Working in this colab environment requires a manual upload of the dataset. As google will remind you, this upload expires at the end of the session, so must be reuploaded each time the user runs this notebook. 

The dataset is a two-column dataframe of 7000 rows. One column is the text review, the second is the binary indicator for whether the beer was considered "good" by the reviewer.

In [3]:
import os
import pandas as pd
## Csv produced by write_txt_train.py file
dat = pd.read_csv(r'txt_train.csv')
dat.head(10)

Unnamed: 0,review_text,good_score
0,"UPDATED: MAR 6, 2004 Amber, with a wonderful o...",0.0
1,"I did not really like this beer. Grainy, bitt...",0.0
2,I was quite pleased with this beer. I tried a ...,0.0
3,Tried UK 3% version in 440ml can. Light in co...,0.0
4,Clean on the palate with a musty biscuity malt...,0.0
5,"Shenandoah Throwdown, growler, thanks wickedpe...",0.0
6,Short stubby bottle from Morrissons clearance ...,0.0
7,Straw color with a tall waxy looking white hea...,0.0
8,Notes of caramel sticky buns on the nose but v...,0.0
9,"A passable lager... meaning, Ill probably pass...",0.0


### Preprocessing 

To train an ML model we need a training and testing set. We split our 7000 rows into two different datasets, one to train the model, the other to evauluate its performance.

In [5]:
import numpy as np
import random
import math
## Set the seed
random.seed(1144)
## Set size of our population
population = [i for i in dat.index]
## Set proportionate size of training set
train_proportion = .7
train_size = math.floor(len(population) * train_proportion)
## Sample the index at the training size ot get the list of index positions for the training set
train_idx = random.sample(population, train_size)
## This is not used, but a good way to set up data
mldat = {"train" : dat.loc[train_idx].to_dict(orient = "records"),
        "test" : dat.loc[~dat.index.isin(train_idx)].to_dict(orient = "records")}
## Make training and testing sets
train =  dat.loc[train_idx]
val = dat.loc[~dat.index.isin(train_idx)]

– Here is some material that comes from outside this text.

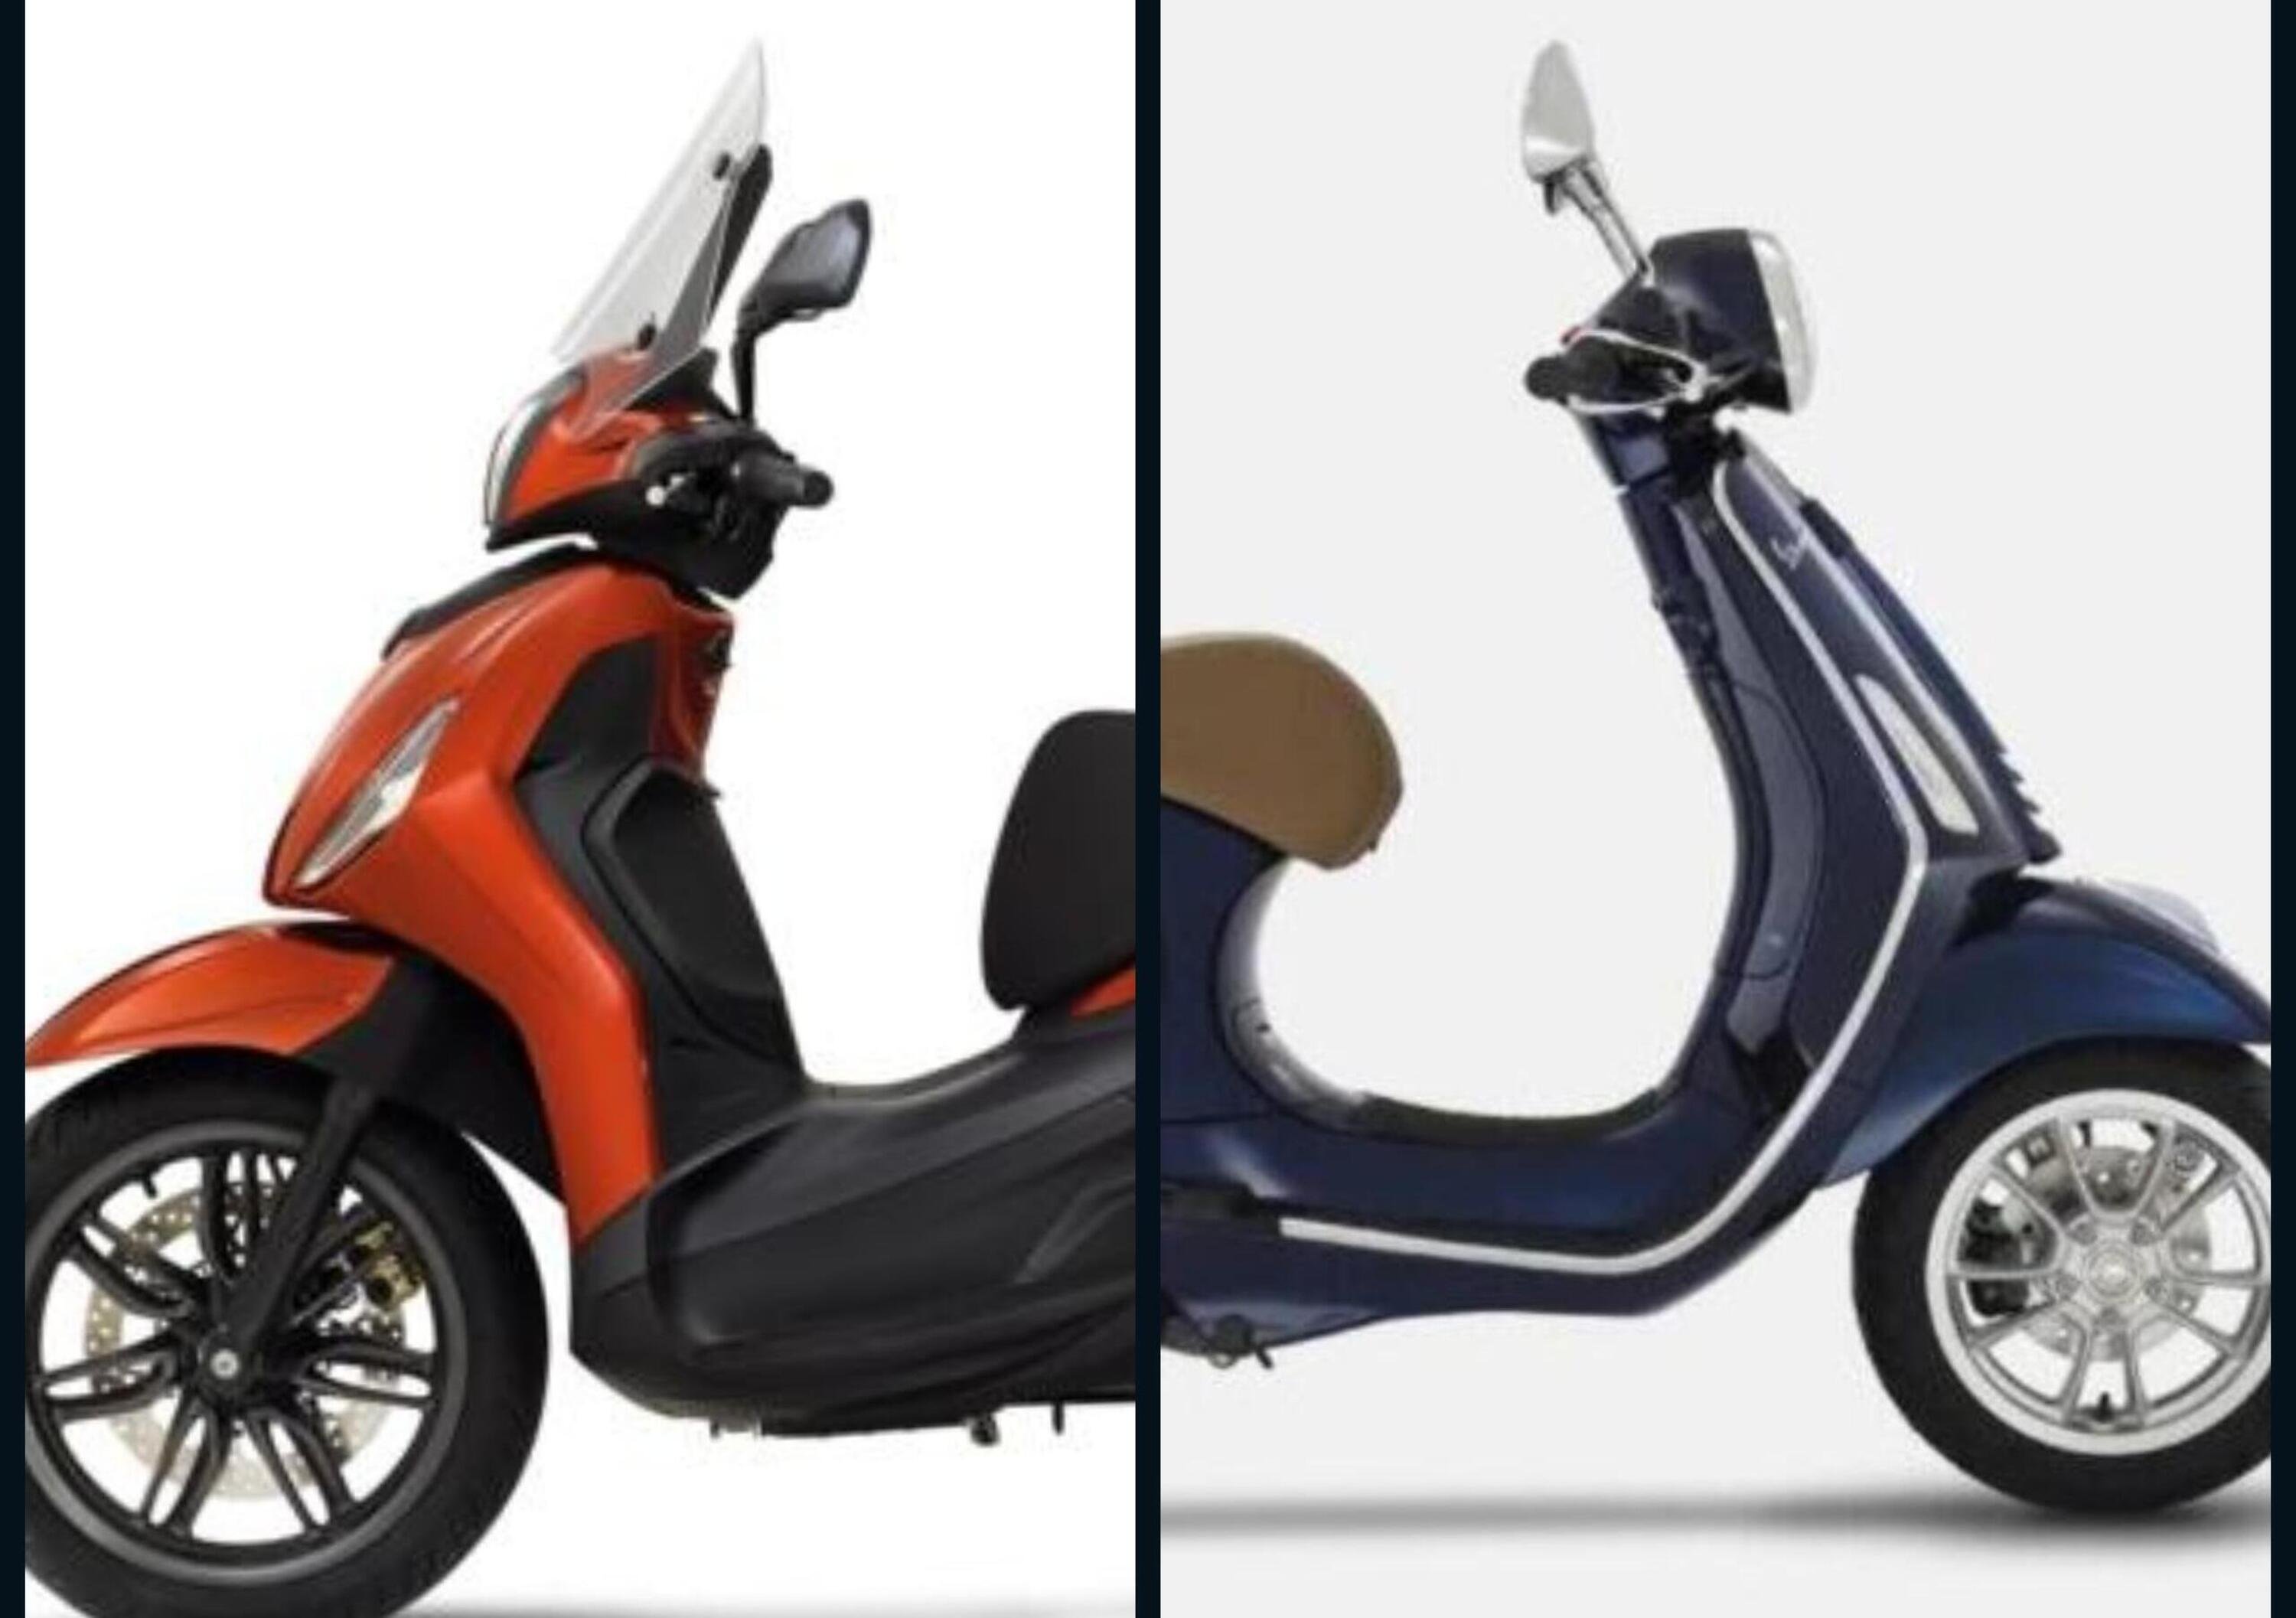 Usa: Piaggio Beverly e Vespa, tra gli scooter pi&ugrave; interessanti del 2021 secondo Forbes

An important part of training a ML model is setting up your data to be fed into the model. 

Not going to go into the specific details of what is needed to tokenize and embed text data, but the class below is set up to allow for easy ingestion of data into model.

In [None]:
import torch


class Beer_Data(torch.utils.data.Dataset):
  '''
  Class is a torch data set, each record has encodings and labels
  '''
  def __init__(self, encodings, labels):
    self.encodings = encodings
    self.labels = labels

  def __getitem__(self,idx):
    item = {key: torch.tensor(val[idx]) for key, val in self.encodings.items()}
    item['labels'] = torch.tensor(self.labels[idx])
    return item

  def __len__(self):
    return len(self.labels)

We will used a pretrained distilbert model for this task, fine tuning it for binary classification

In [6]:
from transformers import AdamW, AutoTokenizer, AutoModelForSequenceClassification
## Set model checkpoint
checkpoint = "distilbert-base-uncased-finetuned-sst-2-english"
## Use HF Automodel to choose based on number of classes
## Labels is n-1 for binary class, as "good"
model = AutoModelForSequenceClassification.from_pretrained("distilbert-base-uncased", num_labels=1)

tokenizer = AutoTokenizer.from_pretrained(checkpoint)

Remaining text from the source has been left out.